Point Cloud Models Improve Visual Robustness in Robotic Learners

Abstract

Visual control policies can encounter significant performance degradation when visual conditions like lighting or camera position differ from those seen during training – often exhibiting sharp declines in capability even for minor differences. In this work, we examine robustness to a suite of these types of visual changes for RGB-D and point cloud based visual control policies. To perform these experiments on both model-free and model-based reinforcement learners, we introduce a novel Point Cloud World Model (PCWM) and point cloud based control policies. Our experiments show that policies that explicitly encode point clouds are significantly more robust than their RGB-D counterparts. Further, we find our proposed PCWM significantly outperforms prior works in terms of sample efficiency during training. Taken together, these results suggest reasoning about the 3D scene through point clouds can improve performance, reduce learning time, and increase robustness for robotic learners.

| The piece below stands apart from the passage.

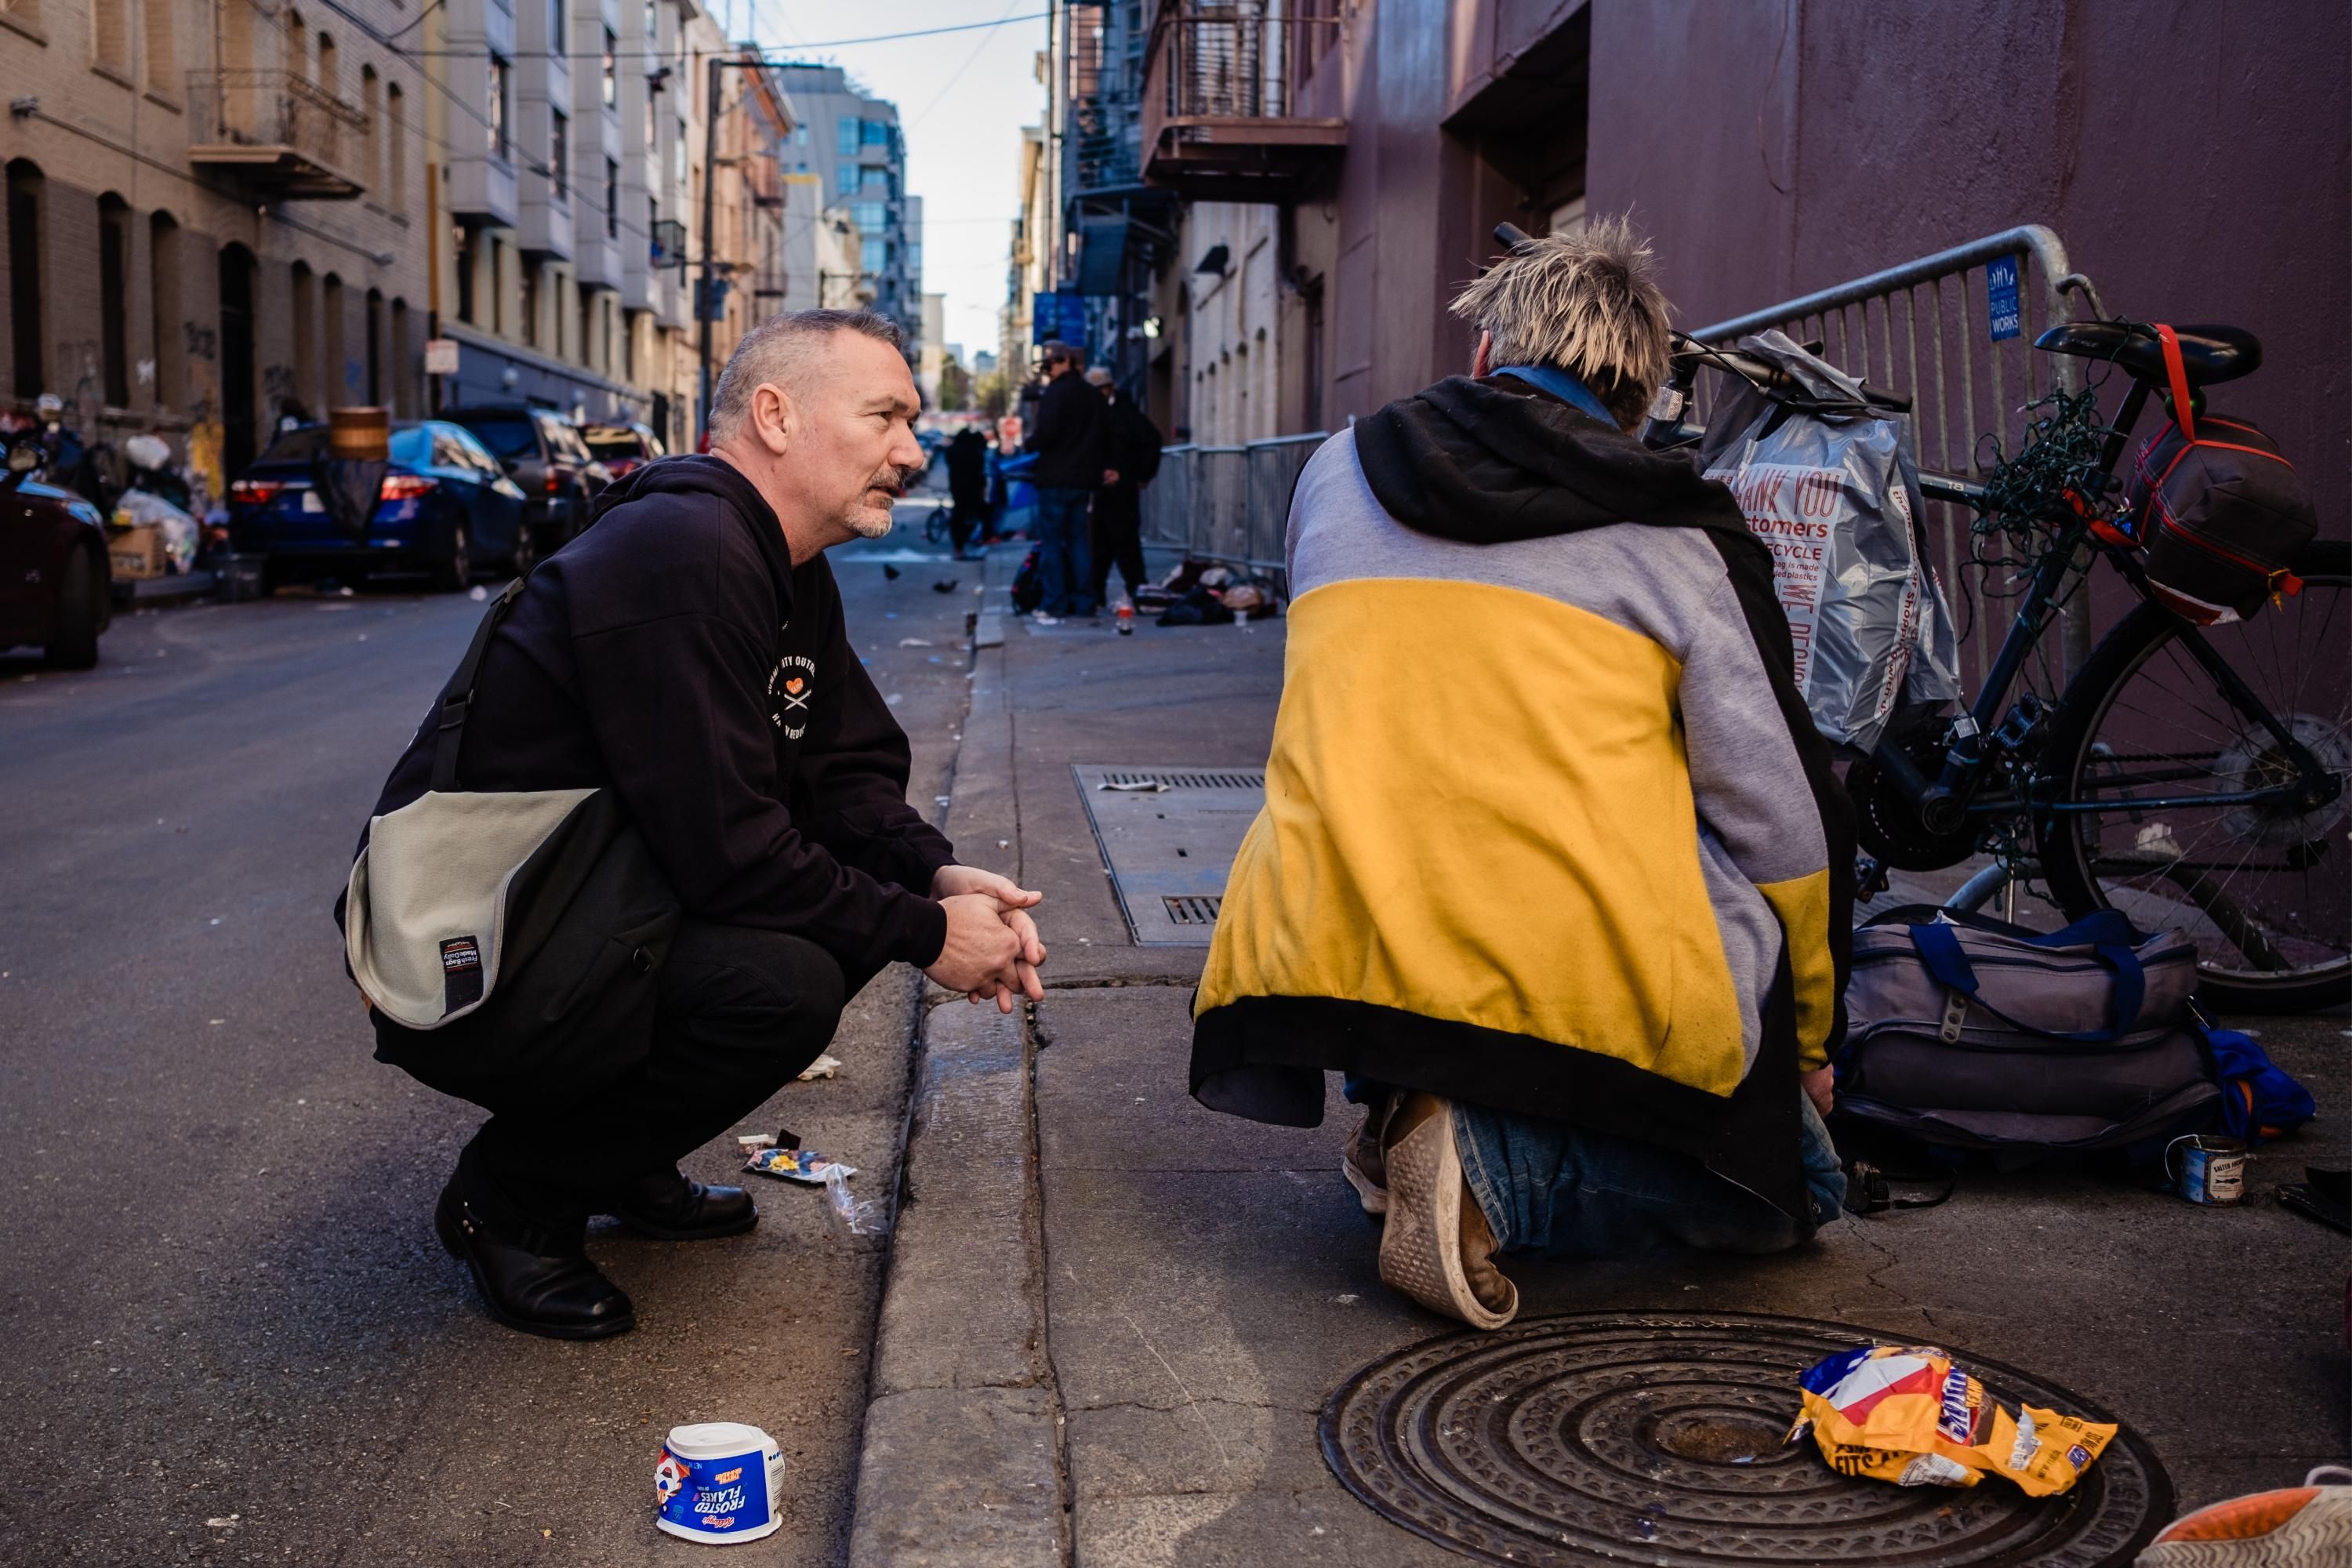 A harm reduction worker speaks to a person on the streets of San Francisco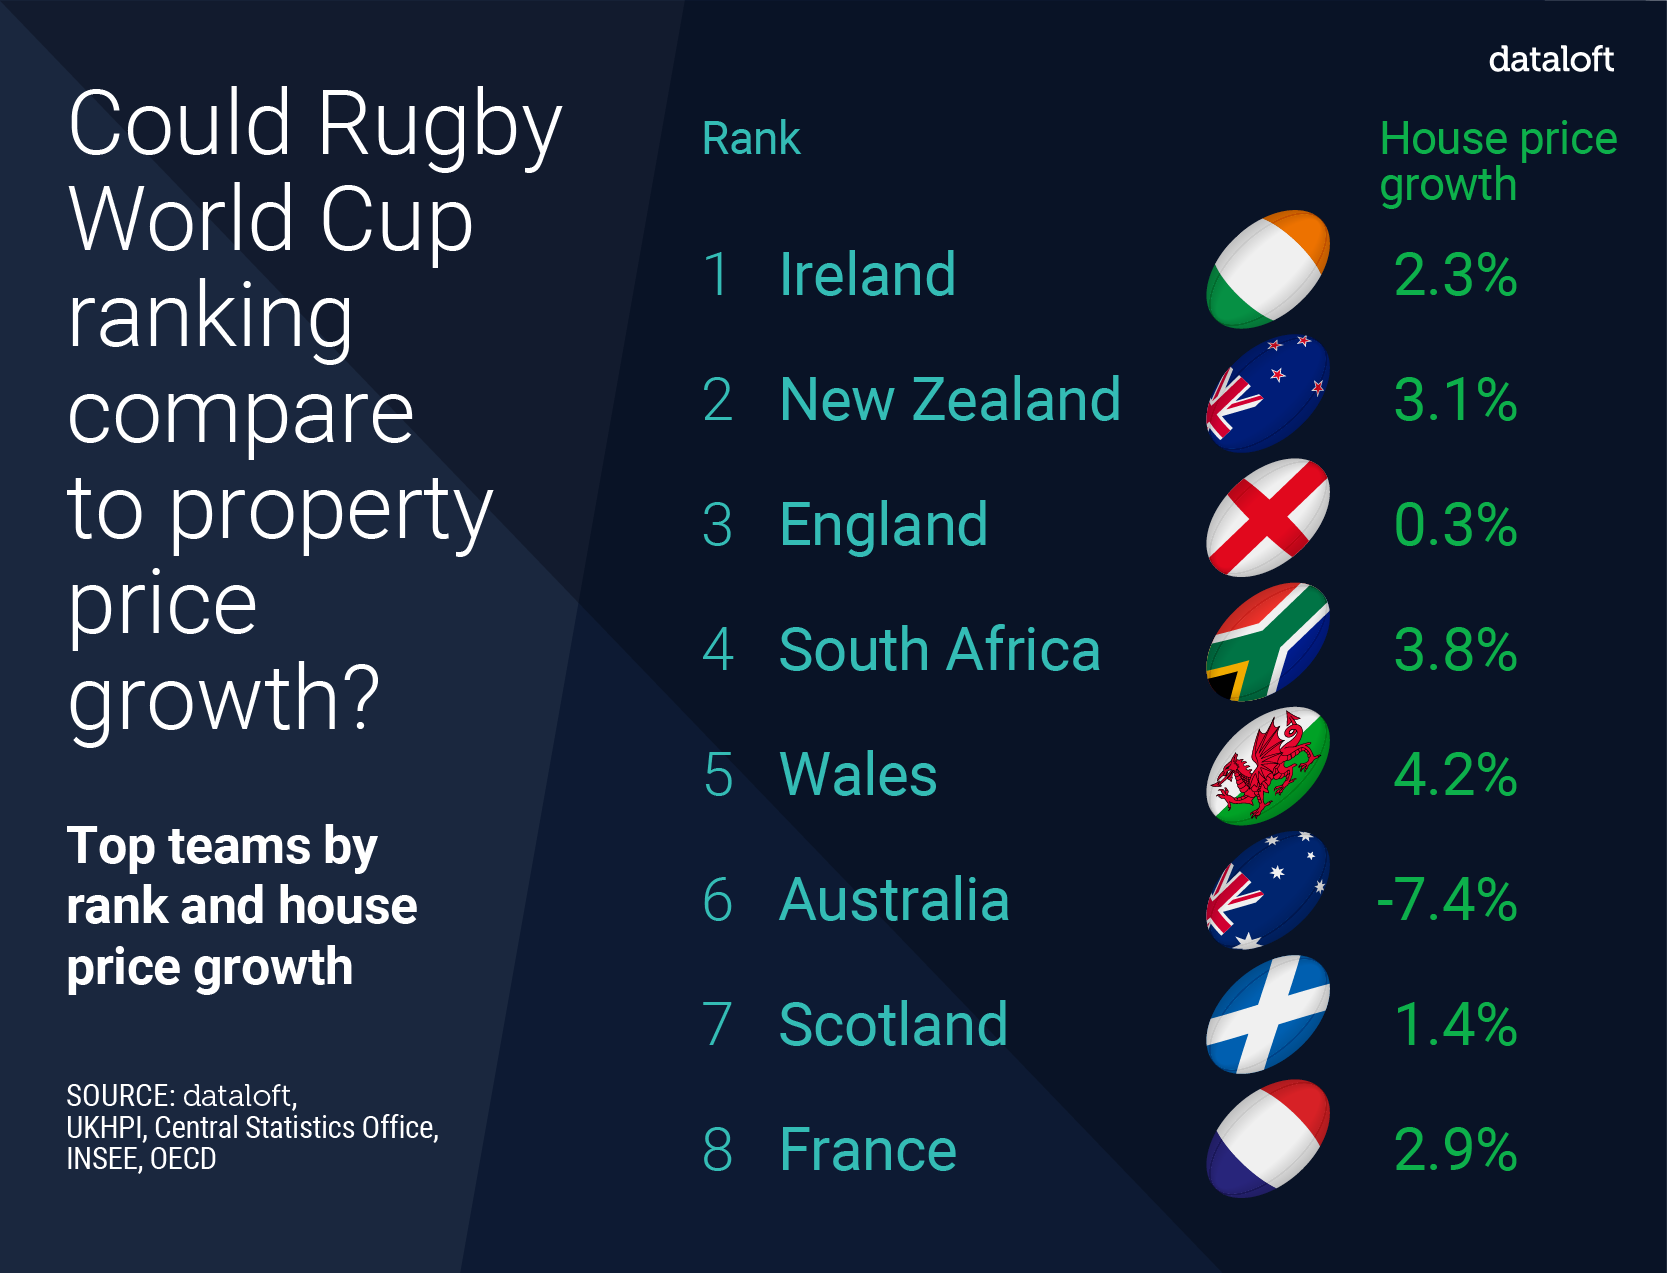 Could Rugby World Cup ranking compare to property price growth?

Dreamerv3, a state-of-the-art RL model that is trained on RGB-D inputs compared with our Point Cloud World Model (PCWM) on a simple task of lifting a cube. We find the point clouds are significantly more robust to viewpoint changes compared to RGB-D.

Point cloud world models

Given a sequence of \(T\) partial point cloud observations, we encode them using a PointConv encoder. For each timestep \(t\), we compute a posterior stochastic latent \(z_t\) using an encoding of \(o_t\) and hidden state \(h_t\) that encodes the history. The hidden state is further used to compute the prior latent which is used to predict multi-step rewards over a horizon \(H\) providing supervision for the world model along side temporal consistency with KL loss.

Experiments

We compare 4 models (a) model-free RGB-D [RGB-D PPO], (b) model-free point cloud [Point cloud PPO], (c) model-based RGB-D [DreamerV3] and (d) model-based point cloud [PCWM].